A Quick Refresher: What Is WCAG?
WCAG stands for Web Content Accessibility Guidelines. It’s the set of standards, developed by the W3C, that defines what “accessible” means for websites. These guidelines are what courts, regulators, and auditors point to when they’re evaluating whether your site works for people with disabilities.
The standards organize around four principles (sometimes called POUR): content needs to be Perceivable, Operable, Understandable, and Robust. Each version of WCAG spells out specific success criteria that map to those principles, and auditors measure compliance at three levels: A (minimum), AA (the standard most laws reference), and AAA (the aspirational target).
If you’ve heard anyone mention “WCAG 2.1 AA,” that’s been the benchmark for years, and it’s still what the DOJ’s Title II rule requires for government websites. But the published standard has moved forward.
Where Things Stand Today: WCAG 2.2
WCAG 2.2 was published on October 5, 2023, adding nine new success criteria on top of 2.1. The additions focus on areas that earlier versions didn’t cover well: users with cognitive and learning disabilities, motor impairments, and people navigating on mobile devices.
Some of the notable new criteria set minimum target sizes for touch elements (so buttons aren’t impossibly small on a phone), require visible focus indicators that other content can’t obscure, and prohibit authentication methods that force users to memorize or transcribe information.
The important thing to know: WCAG 2.2 is backward-compatible. Content that conforms to WCAG 2.2 also conforms to WCAG 2.1 and WCAG 2.0. So, if you build to 2.2 AA, you’re covered across the board.
Most current laws and regulations, including the DOJ’s Title II rule and the European Accessibility Act, still reference WCAG 2.1 AA as the compliance floor. But targeting 2.2 AA is the smart move, because it gets you ahead of where the legal requirements are heading without adding much extra effort.
So, What’s Happening with WCAG 3.0?
When we wrote about WCAG 3.0 in 2022, it felt like it might arrive in a few years. That timeline has stretched out considerably. WCAG 3.0 is still heavily in development as of early 2026, and the current timeline suggests the guidelines won’t be finalized before 2028. ome experts, comparing the pace of development to how long WCAG 2.0 took to finish, think we may not see a final version before 2030.

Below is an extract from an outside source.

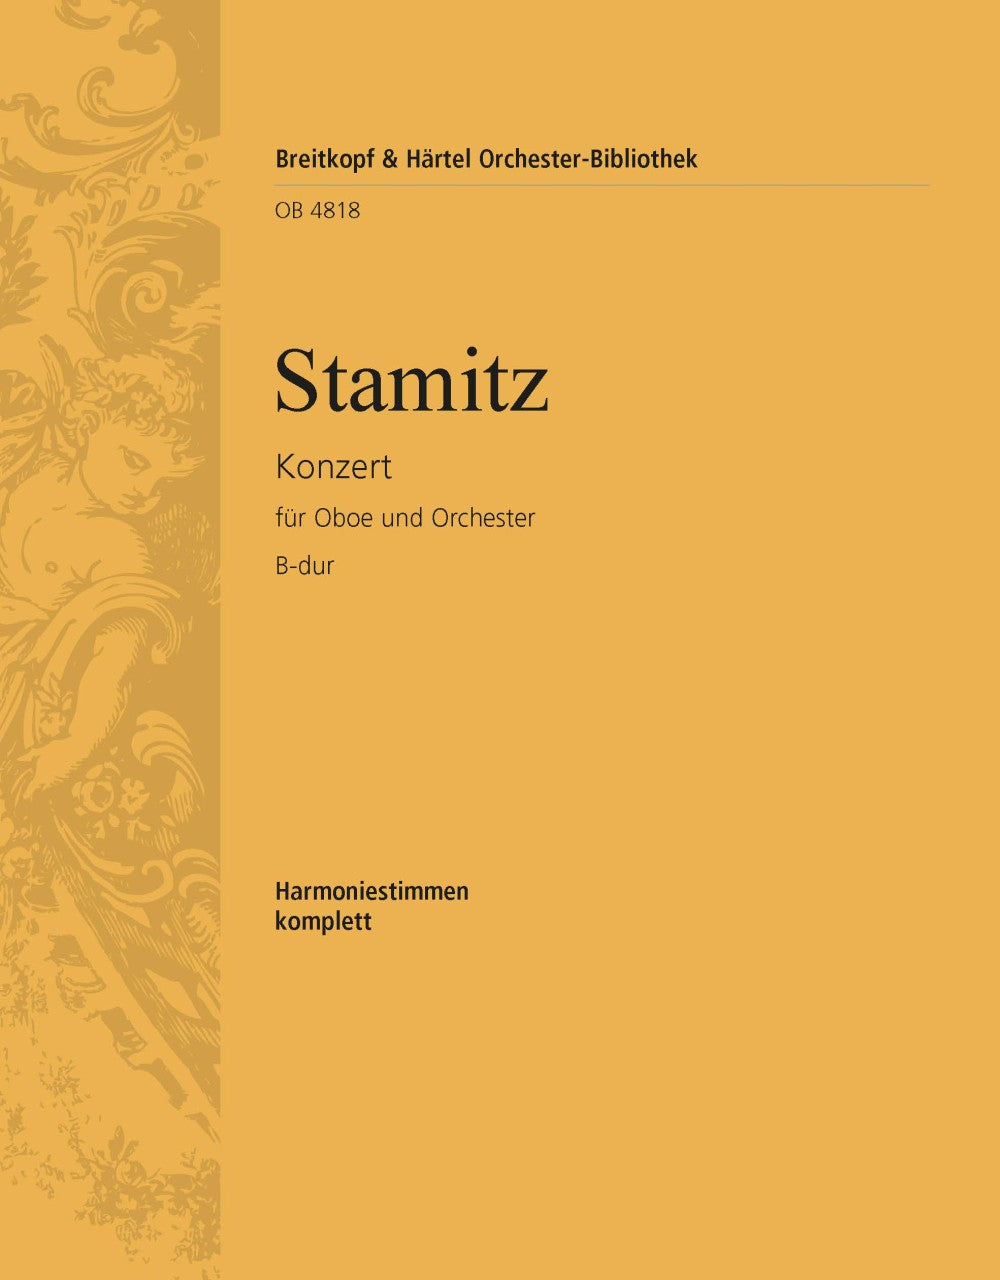 Stamitz: Oboe Concerto in B-flat Major

The W3C’s Accessibility Guidelines Working Group plans to develop a projected timeline by April 2026, so we should have a clearer picture soon. But the bottom line is that 3.0 is not something you need to comply with today, and it won’t be for a while.
That said, the direction it’s heading is worth understanding, because it signals where the entire field of web accessibility is going.
Four Big Changes Coming in WCAG 3.0
The philosophical shifts we flagged back in 2022 are still on track, but the details have gotten much clearer. Here’s what to watch.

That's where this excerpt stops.